> [Aim of the exercise] The pictures are to be left out when the listing below is reproduced word for word.

> [Dataset section]
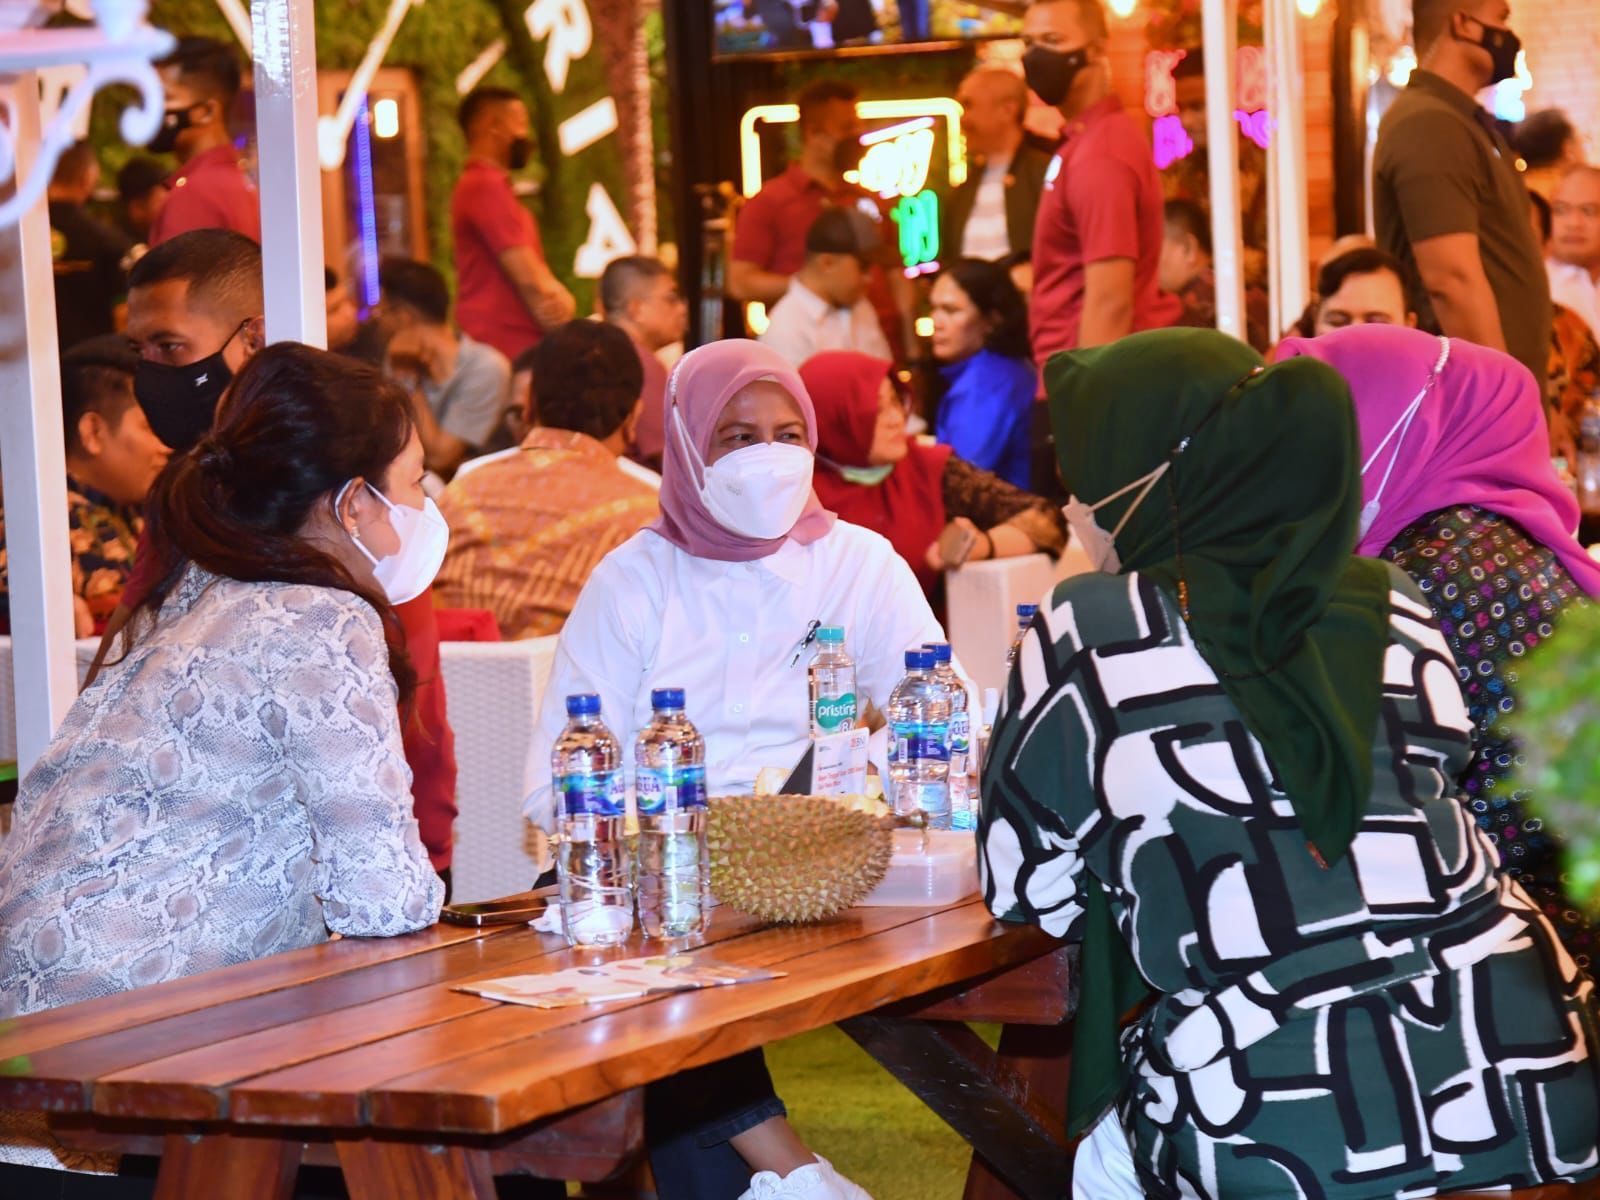 Suasana malam yang hangat menemani Presiden Joko Widodo dan Ibu Iriana Joko Widodo menikmati durian bersama sejumlah pemimpin redaksi (pemred) media nasional dan media lokal Sumatra Utara.
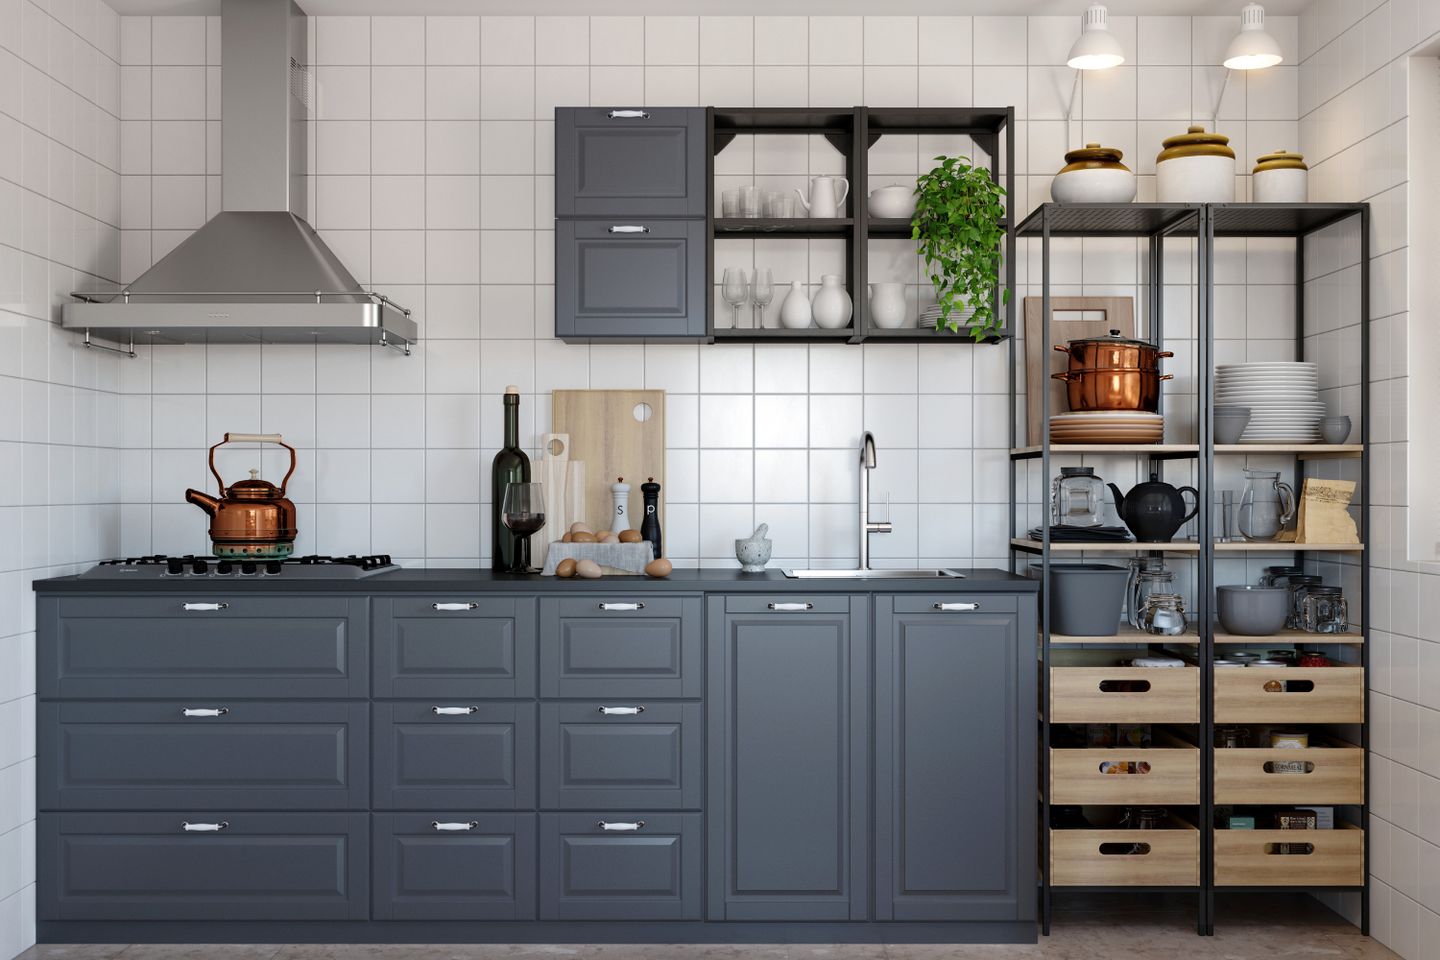 Kitchen Design With Black Storage Units - Livspace
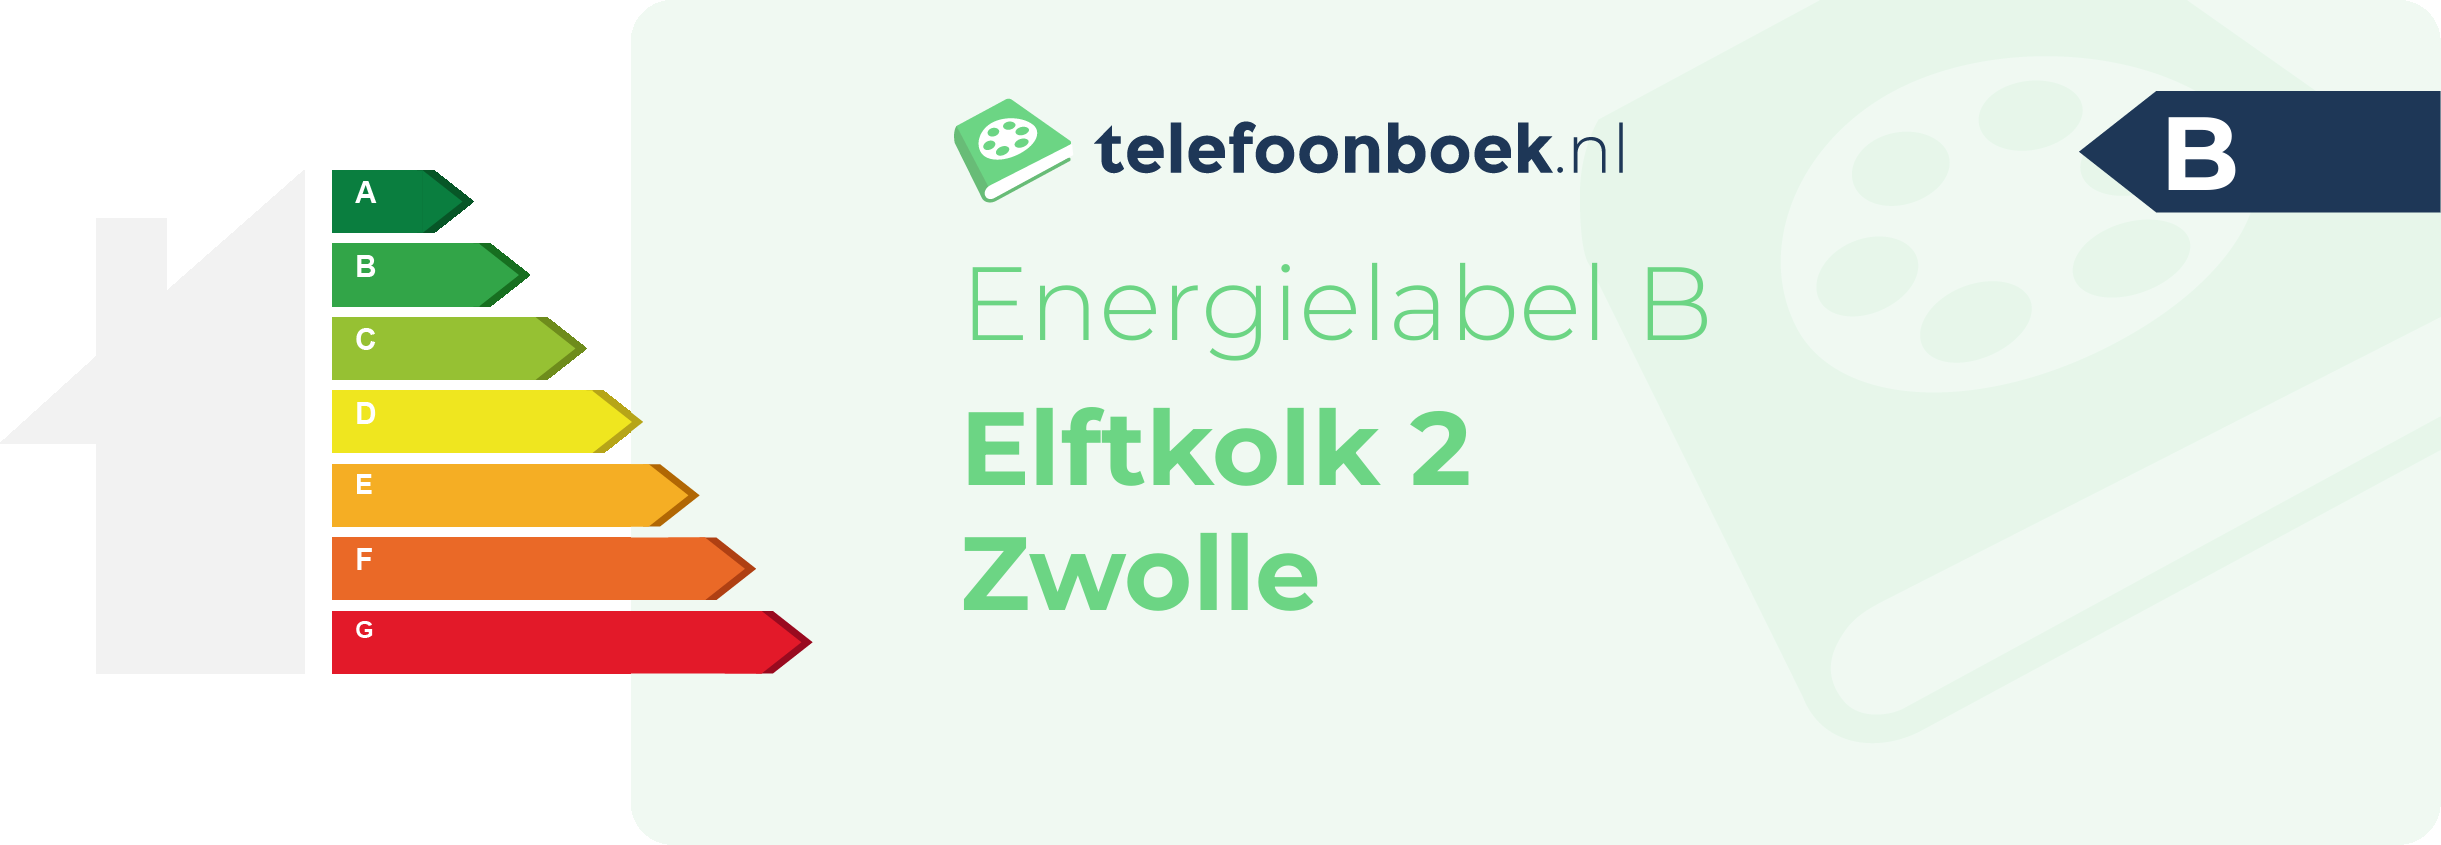 Energielabel Elftkolk 2 Zwolle

> [Response for this exercise]
 Suasana malam yang hangat menemani Presiden Joko Widodo dan Ibu Iriana Joko Widodo menikmati durian bersama sejumlah pemimpin redaksi (pemred) media nasional dan media lokal Sumatra Utara.
 Kitchen Design With Black Storage Units - Livspace
 Energielabel Elftkolk 2 Zwolle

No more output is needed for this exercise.